At dawn Ismail would leave the khan with those failed, broken creatures, exiting from the mangled wooden door of the hotel. They’d all move watchfully, a pack of people who had known nothing but hardship, grief, and moral depravity, swearing, fighting, and stealing. If the police arrested Ismail — for theft or drunkenness or skipping out on his restaurant bill, teasing a girl, or fighting with a prostitute — he would spend the night at the police station, but the inhabitants of the khan would do their duty toward him. They’d treat him with great kindness and generosity, give him money, and bring him food and drink. When he returned to the khan they’d steal his food, drink, and money, and return to their usual selves — dirty, shabbily dressed, hungry, poor, nasty, and most often unemployed. As soon as one of them found work he’d disappear for a while only to return when he lost his job.
Ismail appeared one day in Mahallet al-Sadriya selling pornographic photographs and pictures of Turkish strippers after having lost his municipal job. He went to Mahallet al-Sadriya every day, in fact, for a particular client who was addicted to this type of photograph. No one paid more money for those photographs than Shaul, though the transactions were never straightforward and were concluded only after lengthy haggling and aggravating delays. Still, he always ended up paying the price Ismail was asking. Lately Ismail had been paying more frequent visits to Shaul’s shop and was spending more time there. He even received money for some photographs he’d brought from one of the Kurds in the khan. The Kurd was a baggage handler at one of Baghdad’s western stations, where he carried the bags of travelers going to Mosul, Basra, or Turkey. Some travelers gave him money, others food, and others gave him dirty photographs to sell. This Kurd was the wealthiest man in the khan. He brought woolen clothes and rare and unique merchandise from Dahuk. He smuggled hash that Ismail ended up getting most of the time, either by raiding his stash at night with Abboud’s help, or by buying it for resale to Shaul.
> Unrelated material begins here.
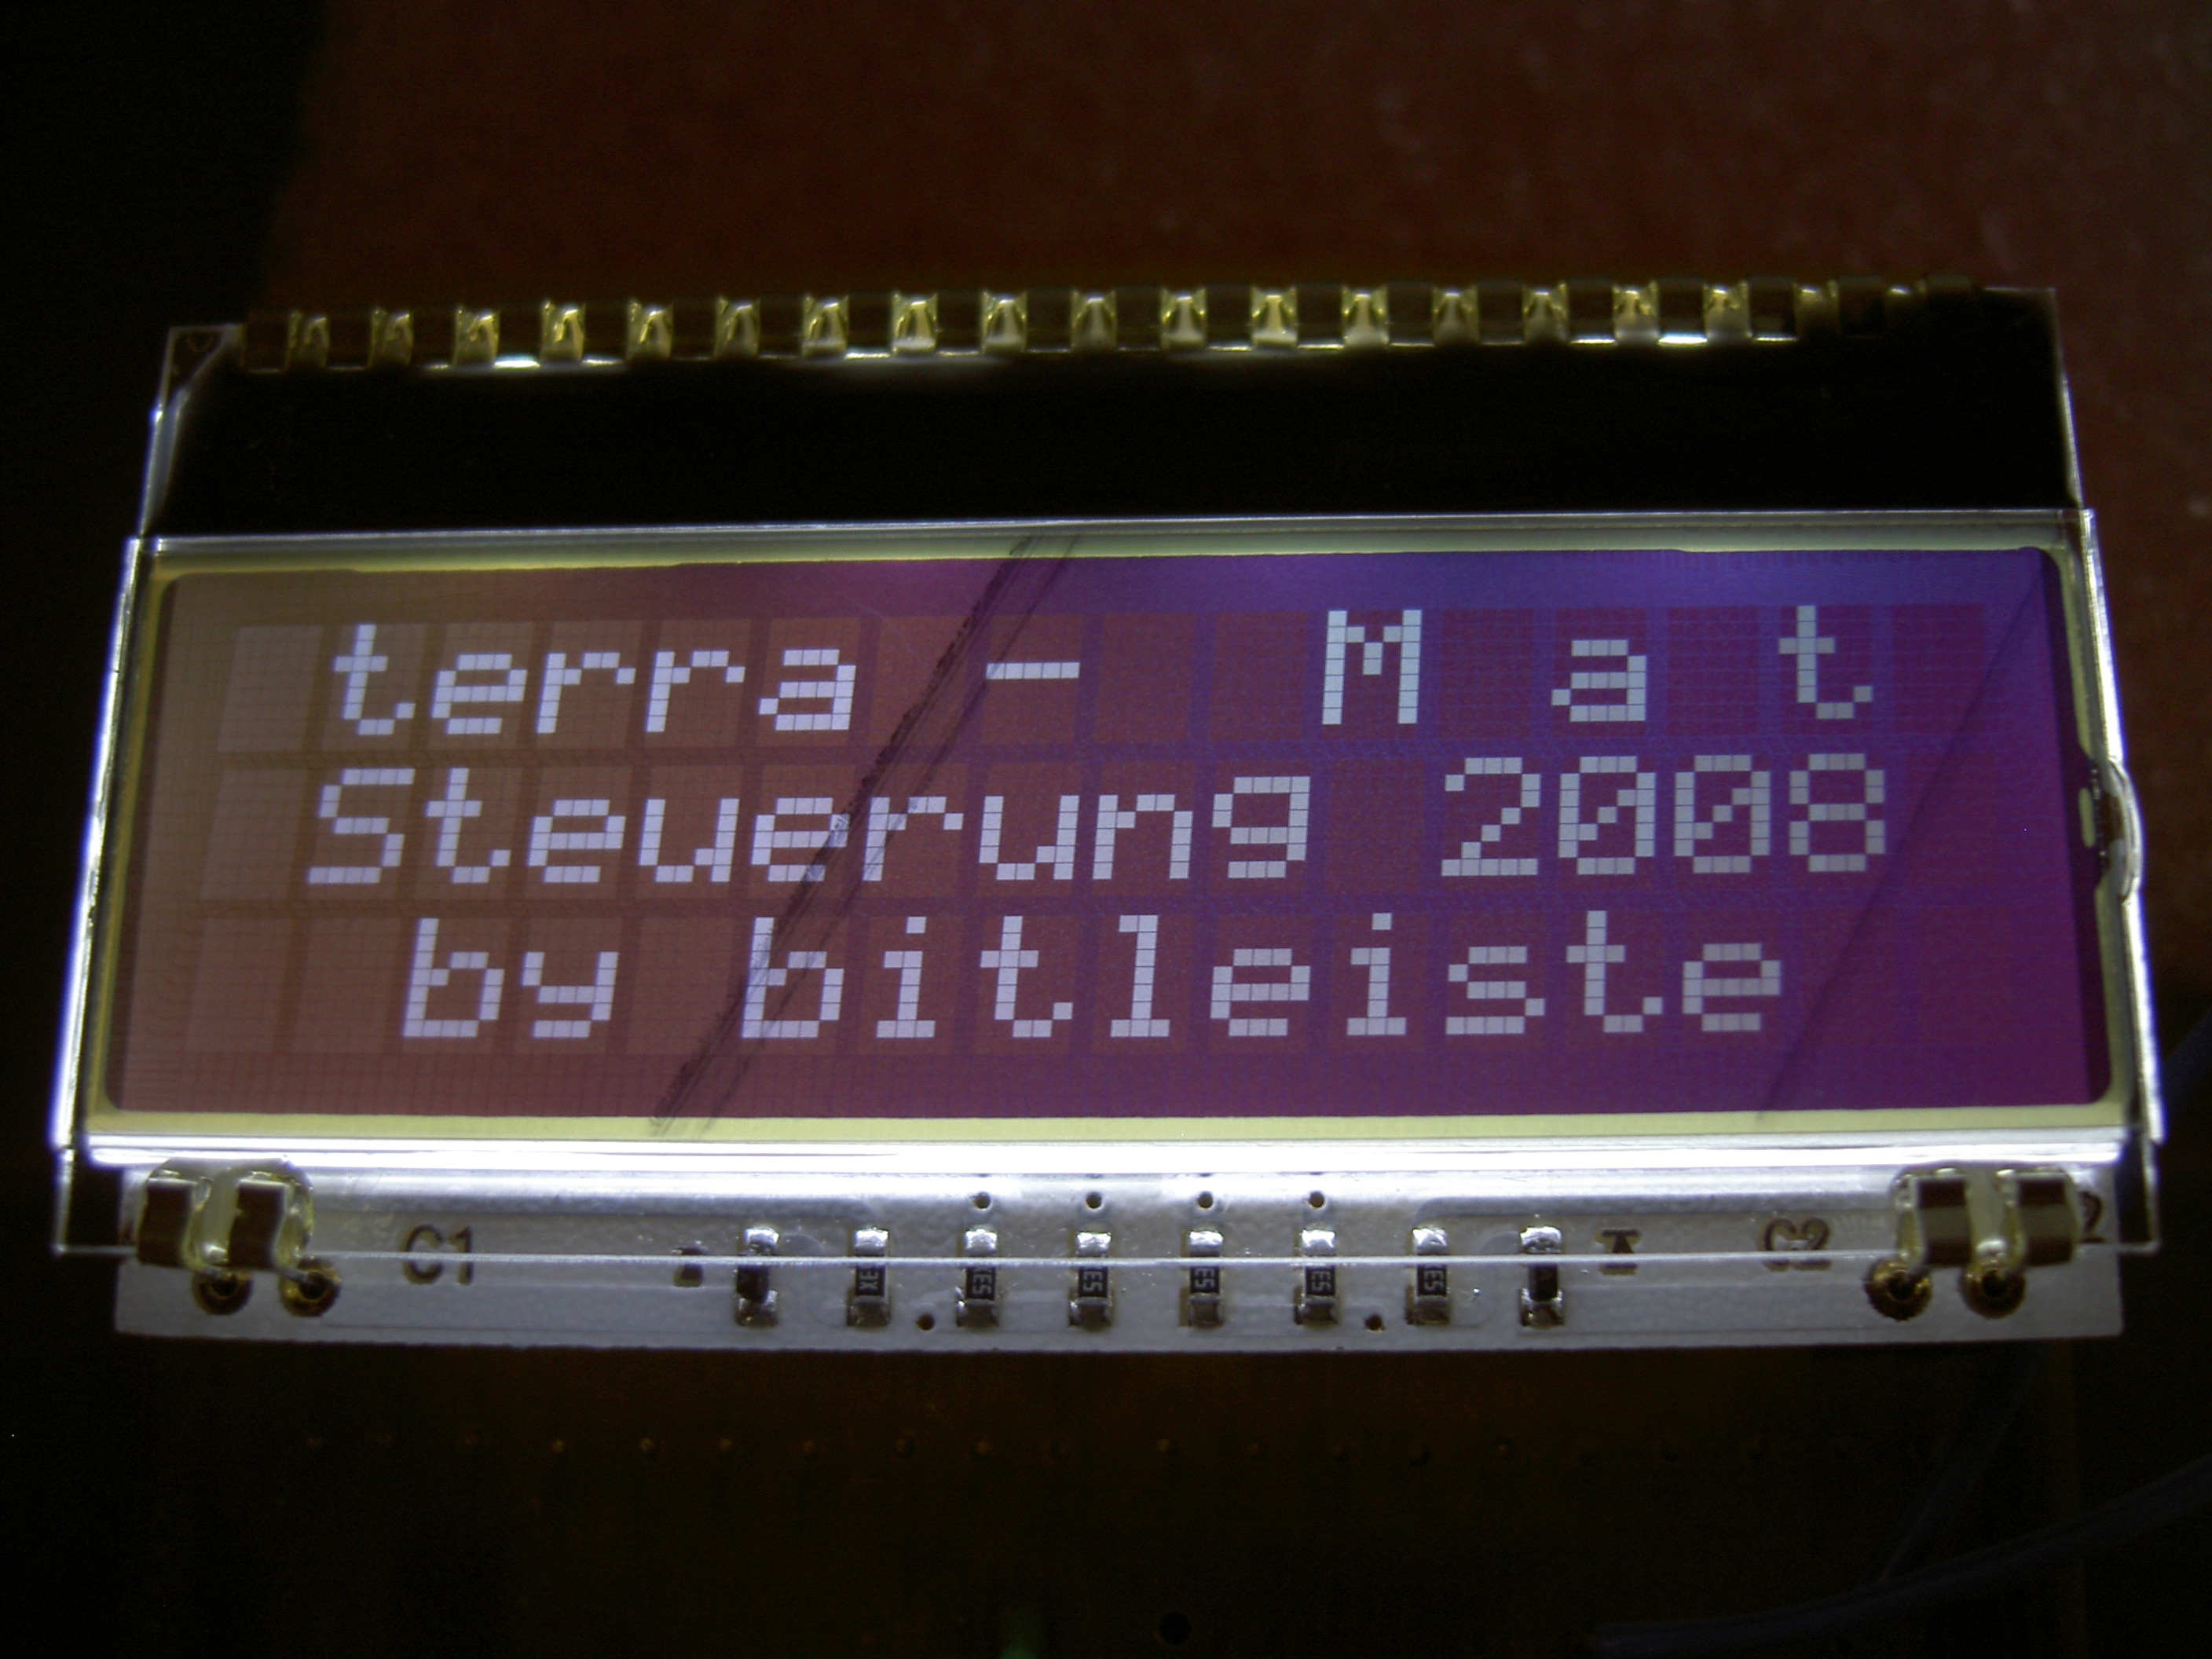 Terrarium Steuerung "terraMat" OpenSource Projekt - Mikrocontroller.net
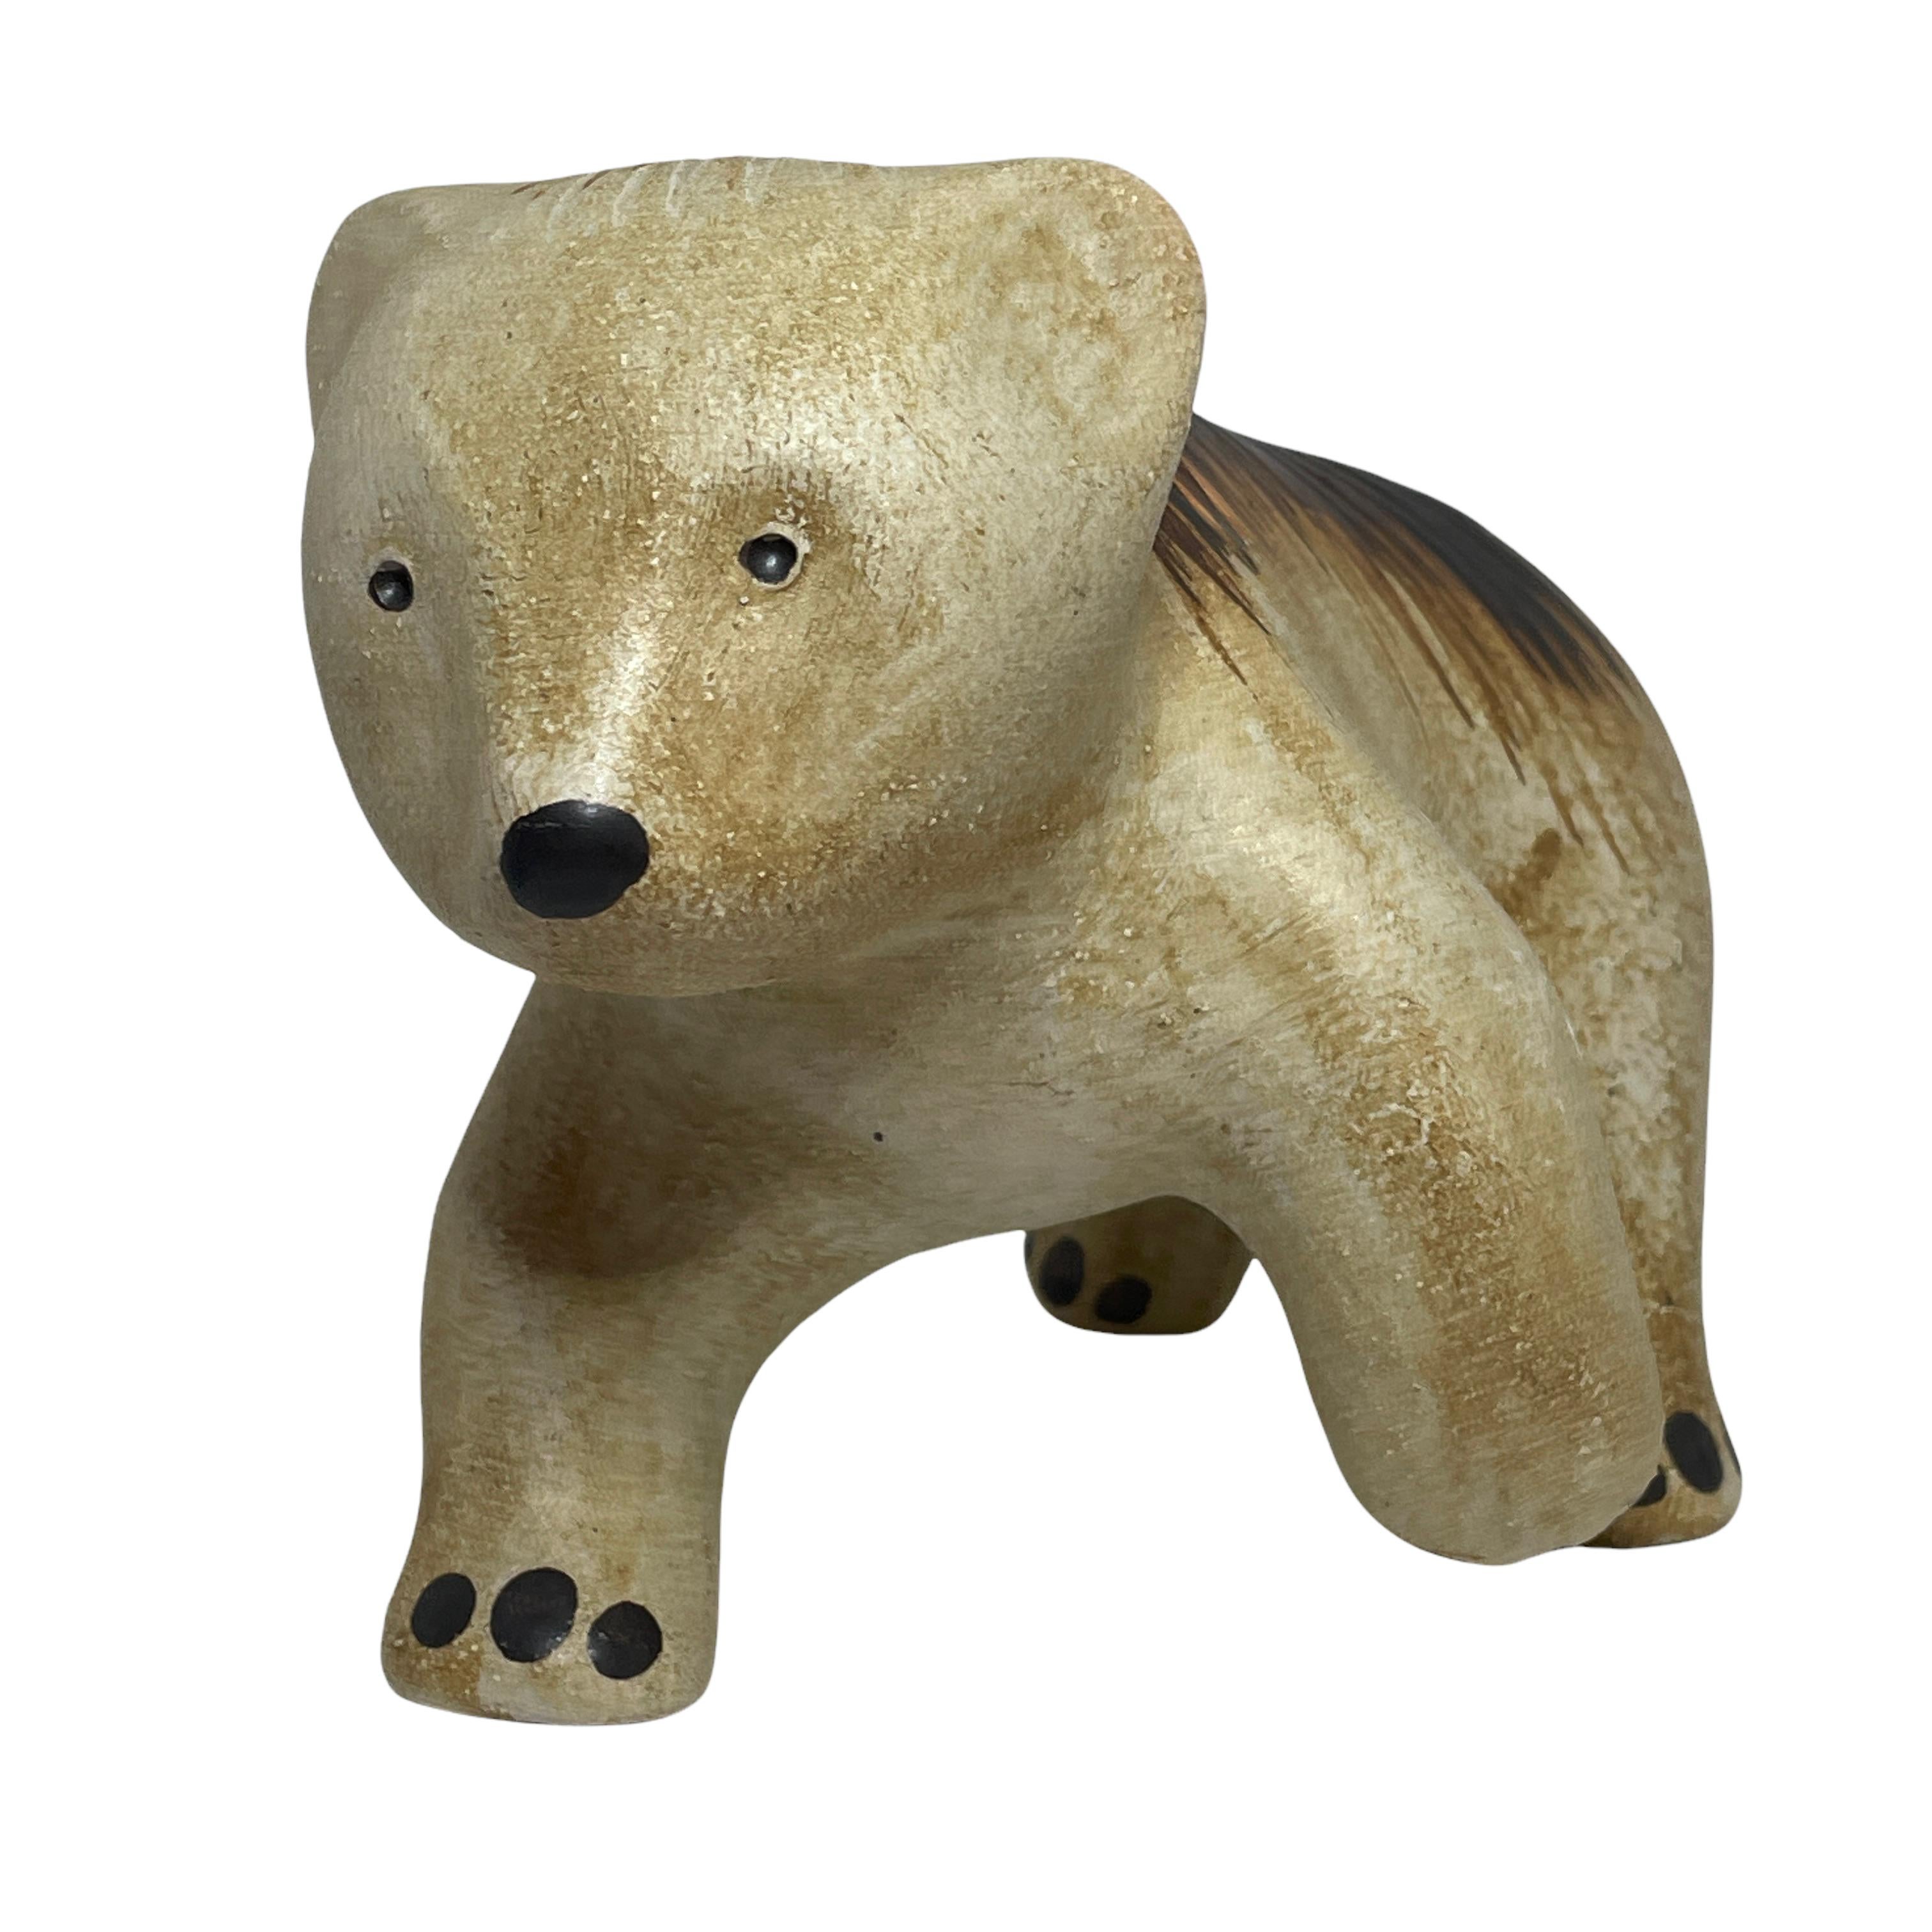 Une magnifique statue d'ours figurative en céramique de caractère - Sgrafo Ceramic. Cette statue de personnage a été fabriquée dans les années 1970. Article absolument magnifique avec signature et toujours en excellent état, sans dommage.

One day Shaul threw his assistant Salim out of his shop. Salim was a Jew who wore his glasses low on his nose and looked over them at people like a hedgehog. He also spoke through his nose. Salim did not like Ismail. He thought he was a swindler who wanted to take his employer’s money in exchange for worthless paper photographs. This Saturday morning Salim was thrown from the shop and fell on his face in the street. His glasses fell off his nose. Shaul came out behind him steaming with anger. “You betrayed me, Salim! I made you into a human being. Why did you betray me?”